BACKGROUND OF THE INVENTION
[0002] Integrated circuit dies comprising of electronic circuits
formed in a single semiconductor die also well known in the art.
Typically, these integrated circuit dies are formed of active
components, i.e. transistors, in a single crystalline substrate,
and may be analog circuits or digital circuits or a mixture of the
two. It has been known in the prior art to use the capacitance of a
transistor as a capacitor.
[0003] Passive components, such as resistors, capacitors, and
inductors are also well known in the art. Although these passive
components have been integrated with active components, such as
integrated circuit dies in the same die, the problem has been the
limited quality factor from the high metal losses and limited area
for cost effectiveness.
[0004] Multi-chip Package (MCP) modules are also well known in the
art. In a MCP module, many integrated circuit dies are electrically
connected and then packaged together in a single module. The
advantage of a MCP module is that different integrated circuits can
be fabricated to optimize performance and possibly cost savings,
and then packaged together without the necessity of forming them
all together in a single die.
[0005] MCP using a glass, or metal or ceramic substrate is also
well known. See for example, U.S. patent application 2003/0122246
published Jul. 3, 2003; and U.S. patent application 2003/0122243
published Jul. 3, 2003. However, heretofore, the formation of a MCP
module with a wide range of passive components, such as distributed
microwave structures and circuits, spiral inductors, multi-layer
inductors, MIM capacitors, stacked MIM capacitors, multi-layer
transformers and baluns, filters, baluns, phase shifters,
diplexers, and matching circuits, which are packaged within the MCP
itself, and specifically sandwiched between a pair of dielectric
layers, has not been done.
SUMMARY OF THE INVENTION
[0006] In the present invention, an electronic circuit module
comprises a substrate having an exposed surface. An integrated
circuit die, having a first surface and a second surface opposite
the first surface and has a plurality of bonding pads on the second
surface and is positioned with its first surface on the exposed
surface of the substrate. A plurality of dielectric layers cover
the second surface of the integrated circuit die. At least one
conductive layer is sandwiched between a pair of the plurality of
dielectric layers, forming one or more passive elements, and is
electrically connected to the plurality of bonding pads of the
integrated circuit die, formed through one or more holes in one of
the plurality of dielectric layers.
BRIEF DESCRIPTION OF THE DRAWINGS
[0007] FIG. 1 is an electrical circuit top view of a multi-chip
module (MCP) of the present invention.
[0008] FIGS. 2(a-b) are top views of the steps of making the MCP of
the present invention shown on a substrate. FIGS. 2(c-i) are
enlarged top views of the subsequent steps of making the MCP of the
present invention showing the MCP portion on the substrate.
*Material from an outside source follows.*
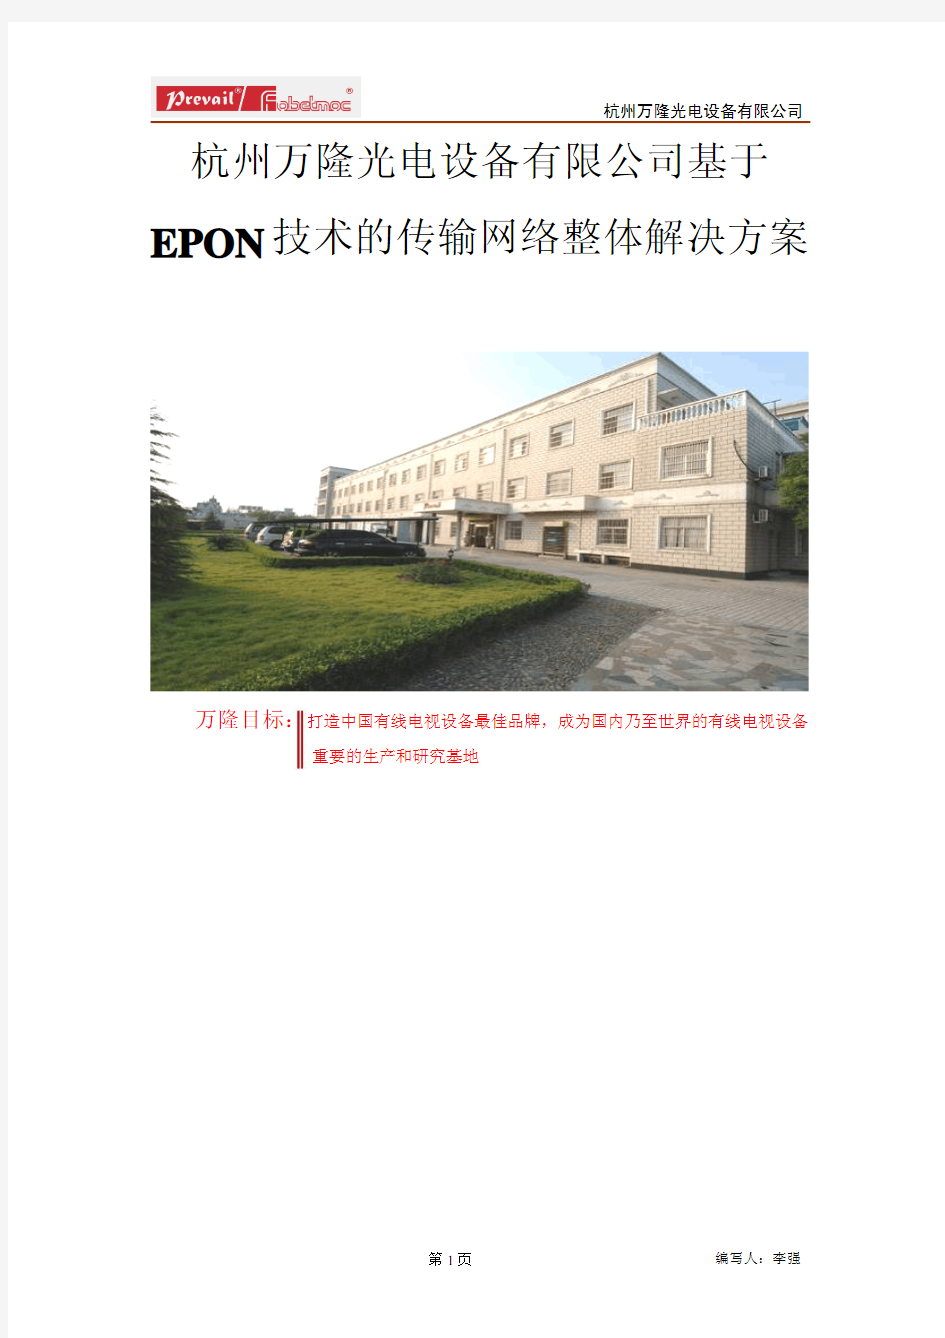 杭州万隆光电设备有限公司基于EPON技术的传输网络整体解决方案
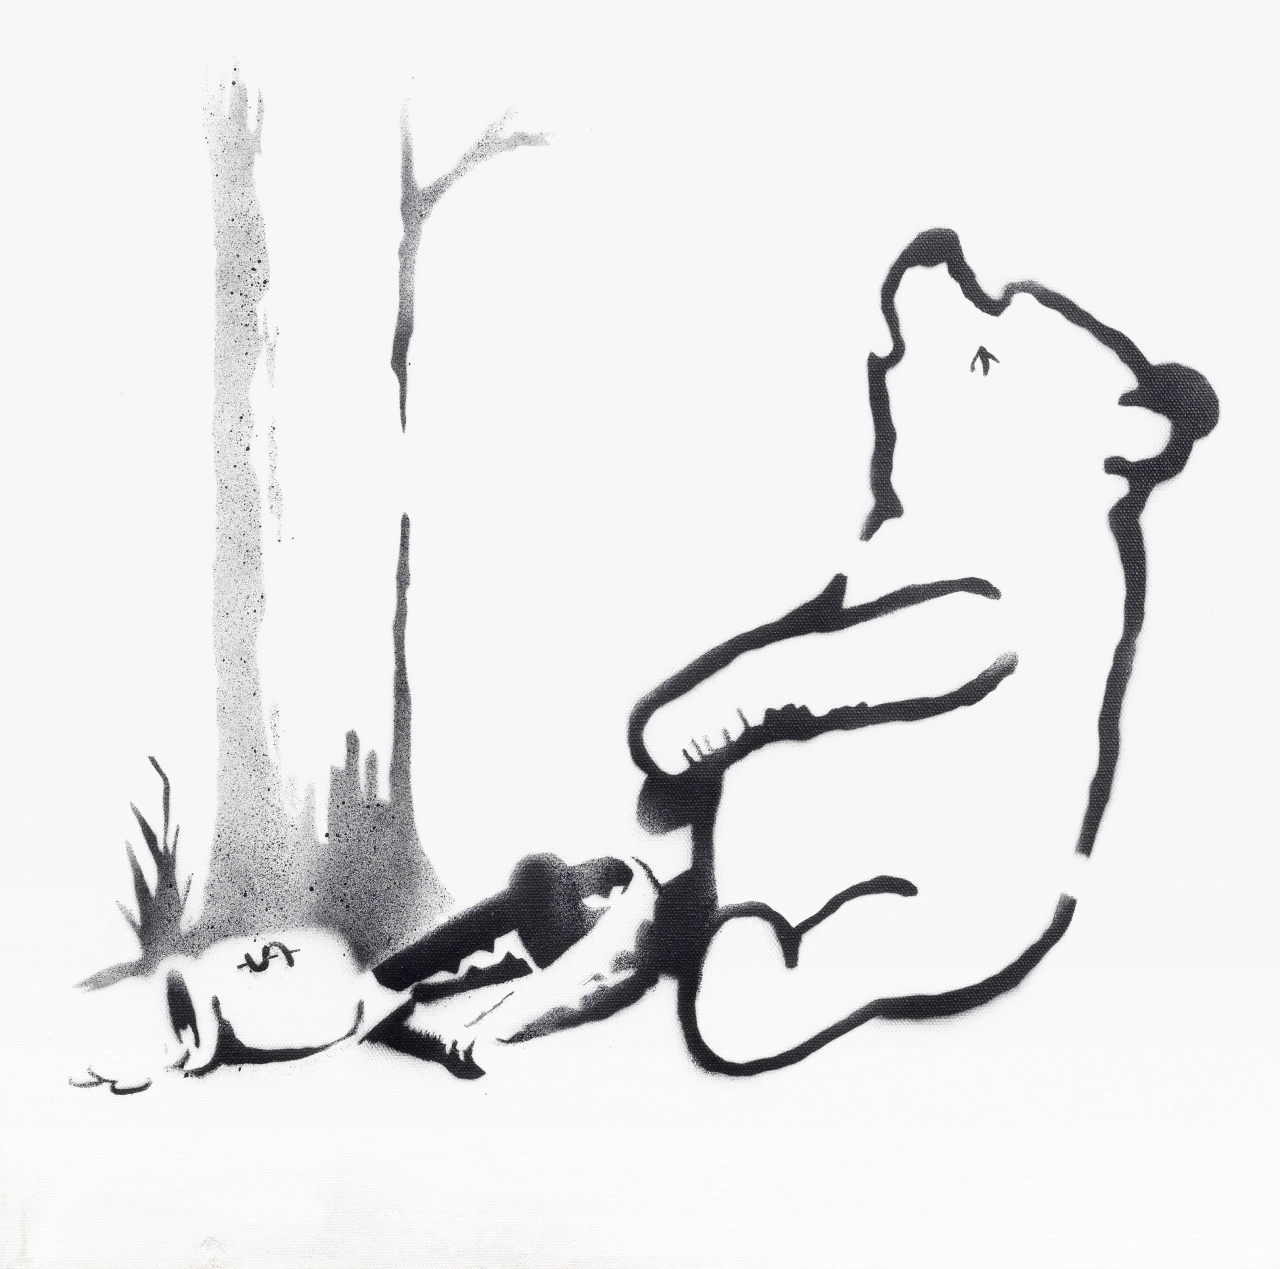 
GRAFFITIS. Pooh Bear. Exposición retrospectiva no autorizada del artista grafitero Banksy presenta 70 obras de arte en Londres. Banksy es el más famoso por su anárquica obras de graffitis de contenido social que aparecen en la arquitectura de la calle sin previo aviso en Gran Bretaña. (AP)

[0009] FIGS. 2(a-i)-1 are side views of the corresponding steps
shown in FIGS. 2(a-i) for making the MCP of the present
invention.
DETAILED DESCRIPTION OF THE INVENTION
[0010] Referring to FIG. 1 there is shown a multi-chip module (MCP)
10 of the present invention. The MCP 10 comprises a substrate 12,
such as ceramics, glass or metal, upon which has been placed two
integrated circuit dies 14 and 16. The integrated circuit dies 14
and 16 in the preferred embodiment are analog circuits, such as a
power amplifier (PA) 14 and a low noise amplifier (LNA) 16.
However, it should be noted that the MCP 10 and the method of the
present invention can be practiced with digital circuit dies as
well. The MCP 10 further comprises passive components such as
capacitors 20, inductors 30, and resistors 40. Other passive
components, (which are not shown) but which may be formed by the
present invention include, but are not limited to distributed
microwave structures and circuits, spiral inductors, multi-layer
inductors, MIM capacitors, stacked MIM capacitors, multi-layer
transformers and baluns, filters, baluns, phase shifters,
diplexers, and matching circuits. Thus, as used herein and in the
claims, the term "passive component" means a component which is not
an "active component", with an "active component" meaning an
electronic component that requires a source of energy to perform
its intended function. Thus, a diode or a transistor or a thyristor
is an active component. Thus, one use of the MCP 10 is as a power
amplifier transceiver. Electro-magnetic radiation signals, such as
RF signals, are received by an antenna 50a and are supplied to the
capacitors 20 and inductor 30 which serves as a filter, and are
then supplied to the input of the LNA 16. The output of the LNA 16
is supplied to a transmission line having a trimmed resistor 40 as
a part thereof, and is supplied by the MCP 10 to other electronic
components (not shown). The MCP 10 also receives signals from other
components, via a transmission line 42 and is supplied to the input
of the PA 14. The output of the PA 14 is supplied to a filter
comprising a capacitor 20 and inductor 30, and then to the antenna
50b for transmission.
[0011] Referring to FIG. 2a there is shown the first step in the
method of the present invention. In the first step of the method of
the present invention, a substrate 12 is provided. The substrate 12
can be made of any rigid type of material, such as glass, ceramic
or even metal, in a panel form. The substrate 12 has an exposed top
surface 13. Preferably, the substrate 12 is made of a panel
material which is used in PSP technology.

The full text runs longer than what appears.